Representative Amade, the bill’s sponsor, said HB 452 is aimed at protecting access to pediatric care. “By banning these financial incentives and penalties, the bill ensures that vaccination decisions remain where they belong between the doctor and the patient or the parent,” she said, arguing that insurer-driven quality scorecards can lead practices to refuse patients who are not fully vaccinated.
The bill drew a mix of personal testimony and expert statements. Supporters included parents and physicians who described families struggling to find pediatric care after practices instituted policies requiring new patients to be up to date on recommended vaccines. Jill Hines, co-director of Health Freedom Louisiana, told the committee she submitted a physician’s letter she said showed a practice being flagged for low vaccination percentiles under NCQA/HEDIS benchmarks and said removing noncompliant patients can improve a provider’s ratio and bonus eligibility. “That’s where we get the instances where pediatric patients are removed from care,” Hines said.
Parent Kelly Couture recounted her family’s experience with a pediatric practice that later adopted a policy of accepting only fully vaccinated new patients and said the change left some families without a medical home. “I truly believe that their stance changed due to financial motivation given to pediatricians to have all of their patients comply with the vaccine schedule,” Couture testified.
Several physicians speaking in support described professional pressure and what one called a chilling effect. “This financial incentive puts a level of coercion to the physicians,” Dr. Holly Grow said, adding that some clinicians avoid public testimony out of fear of professional consequences.
Opponents included representatives of insurers and pediatric professional organizations. David Laverne of Blue Cross and Blue Shield of Louisiana described the insurer’s “quality blue” program and said it incorporates HEDIS measures, which include a range of pediatric quality indicators. “The only one I’m aware of… would take into account the immunizations that you’re talking about is that there’s incentives to meet what’s called HEDIS standards,” Laverne told the committee.
Dr. Stuart Gordon, representing the Louisiana chapter of the American Academy of Pediatrics, framed the issue more broadly and urged caution. He explained that HEDIS is a national set of quality measures and said incentive programs are intended to improve clinical outcomes. “If we go ahead and stop the incentives for immunizations, are we going to stop them for controlling blood pressure and controlling diabetes?” Dr. Gordon asked, warning lawmakers against a policy that could have unintended consequences for other quality measures.

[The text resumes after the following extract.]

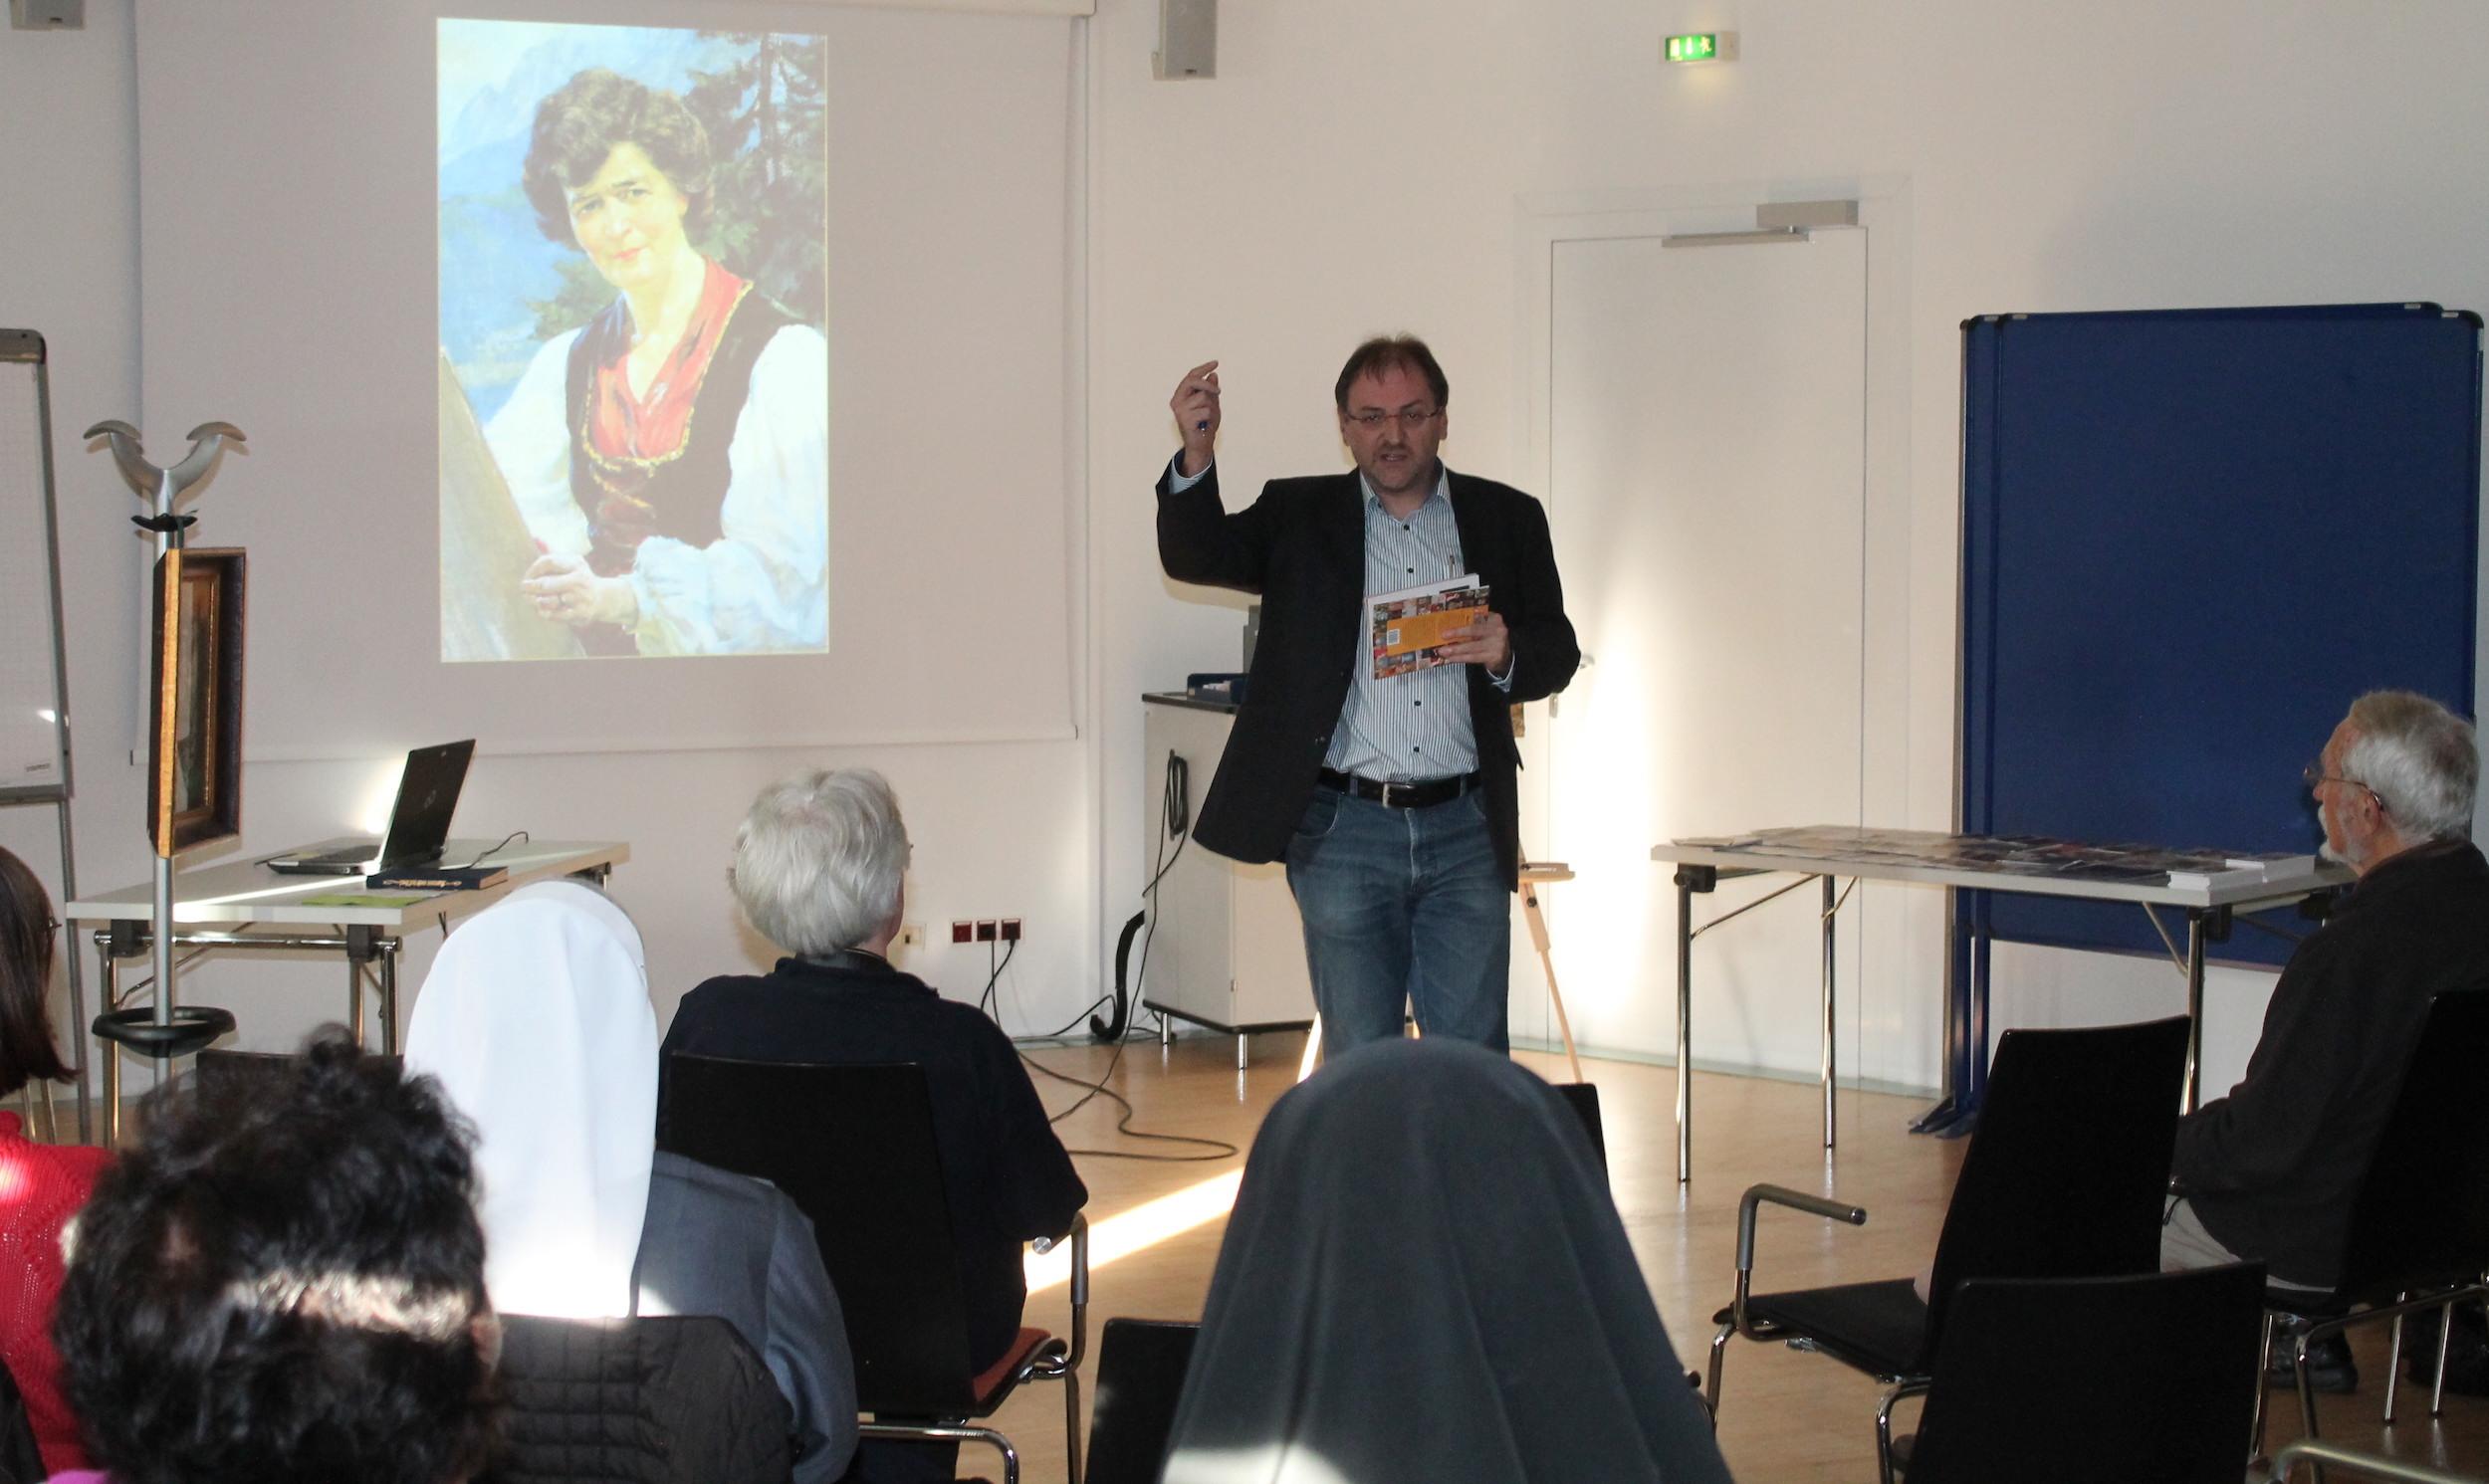 Reinhard Heiserer, Vorsitzender von Jugend Eine Welt, erklärt die Geschichte zum Buch

Committee members pressed both sides for documentation. Several lawmakers asked the sponsor for demonstrable insurer communications showing providers being penalized or dropped from networks because of vaccination measures; the sponsor said she had circulated a 2024 Blue Cross document and invited clinicians to submit redacted insurer notices if they exist.
After closing remarks from the sponsor, Representative Wilder moved to report HB 452 favorably. The committee then recorded a roll-call vote that resulted in 4 yeas and 12 nays, and the motion failed. Members then agreed without objection to the sponsor’s request to voluntarily defer the bill so it can be brought back later.
The committee’s debate centered on competing questions of access and professional standards: supporters described anecdotal cases of families unable to find pediatric care, while insurers and some physician witnesses warned a narrow ban on incentives could remove tools used to promote a range of quality outcomes. The sponsor pointed to a federal CMS policy discouraging use of certain immunization measures in payment arrangements as supporting justification for the bill.
With the committee vote failing, HB 452 will not advance at this time; the sponsor retained the option to reintroduce the measure after gathering additional evidence or revisions.